Authors response: As you suggested, we updated Section 4.1 to include more details about the study's limitations and possible biases in data collection. More information about the use of census data and satellite imagery is now included in the revision, pointing out potential biases in data coverage, temporal variability, and spatial resolution. We also recognize the potential gaps in census data about population dynamics and the limitations of remote sensing data in capturing fine-scale urban variations. We have also discussed the exclusion of variables like socioeconomic disparities and urban heat islands, pointing out that these omissions may affect how broadly applicable the results are. For the updated version, please refer to lines 783-794 on page 13.
- Fig 2. (Page 8) requires legend.
Authors response: Thank you for your valuable comment. We have added a legend to Figure 2 on page 8 to enhance its clarity and ensure better interpretation of the data presented. Please refer to the revised figure in the manuscript.
- 4. In Section 2.2, Predictors V12, V13 and V15 require detailed explanation. How the data of those predictors were prepared and what is the content of data (For instance how accessibility to health facilities is represented within the data of V15 and etc.) and etc.
Authors response: Thank you for your valuable feedback. In response, we revised Section 2.2 to include a more detailed explanation of the predictors V12, V13, and V15. We specifically discussed how the data for these predictors were prepared and clarified the data's content. For example, we will now explain how V15's data represents accessibility to health facilities, as well as the methodology used to quantify this variable. For additional information, please see the revised Section 2.2, please refer to lines 261-269 on pages 6-7.
Best regards,
Corresponding author
Reviewer 2 Report
Comments and Suggestions for AuthorsThis paper applies demographic theory, GIS and remote sensing technologies, and machine learning algorithms to analyze high-risk areas for asthma in the Greater Tehran area. The findings are of significant reference value for addressing public health issues in developing countries. Overall, this is a well-conducted academic paper, and with further refinement of certain details, I believe it can be accepted.

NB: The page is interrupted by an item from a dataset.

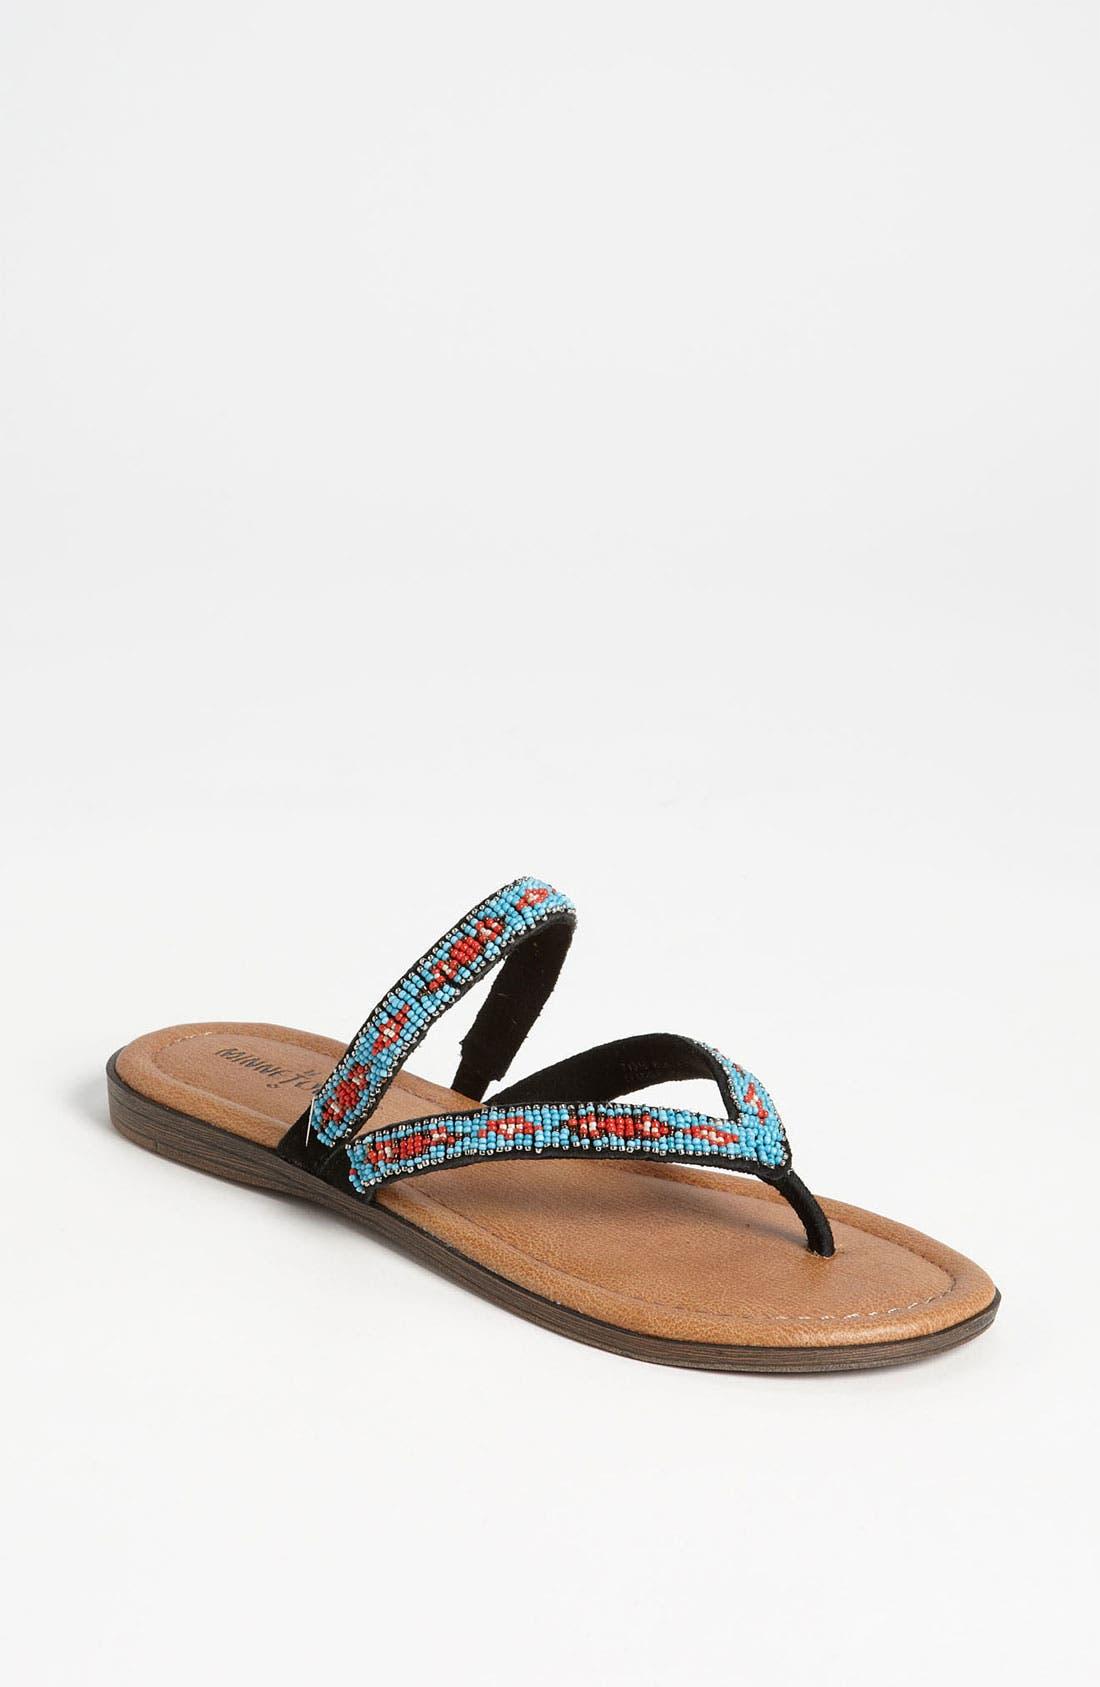 Main Image - Minnetonka 'Bermuda' Sandal

Below are a few details that require modification:
First, the introduction needs improvement. The author provides insufficient analysis of research gaps, and the description of the main issues that this study seeks to address is somewhat unclear.
Second, the author claims that applying machine learning methods to the field of asthma is a novel approach. While this is indeed an original contribution, the appropriateness of this application should be further discussed. I recommend that the literature review section be expanded to include external evidence showing that the use of machine learning in the medical field is becoming an emerging trend.
Third, the policy impact analysis needs to be further developed. This paper holds considerable practical value, and the author should explore the potential applications of the analysis results and conclusions. I suggest that the author include new applications of the analysis, such as examining the impact of the results on Tehran’s healthcare facility planning, ecological environment planning, and relevant management policies. Which factors have been overlooked in existing planning and policies? Which factors should be integrated or strengthened in future plans? Which factors should be removed or diminished? These questions are crucial for policymakers involved in public health and urban planning.
Author Response
Reviewer # 2
This paper applies demographic theory, GIS and remote sensing technologies, and machine learning algorithms to analyze high-risk areas for asthma in the Greater Tehran area. The findings are of significant reference value for addressing public health issues in developing countries. Overall, this is a well-conducted academic paper, and with further refinement of certain details, I believe it can be accepted.
Authors response: We appreciate your kind and supportive comments regarding our manuscript. Your acknowledgment of the importance and possible influence of our work in tackling public health issues in developing nations is greatly appreciated. We have carefully revised the manuscript's details to improve clarity and comprehensiveness in response to your suggestion. We are certain that these enhancements will further improve the caliber and presentation of our research. Again, I want to thank you for your support and careful review.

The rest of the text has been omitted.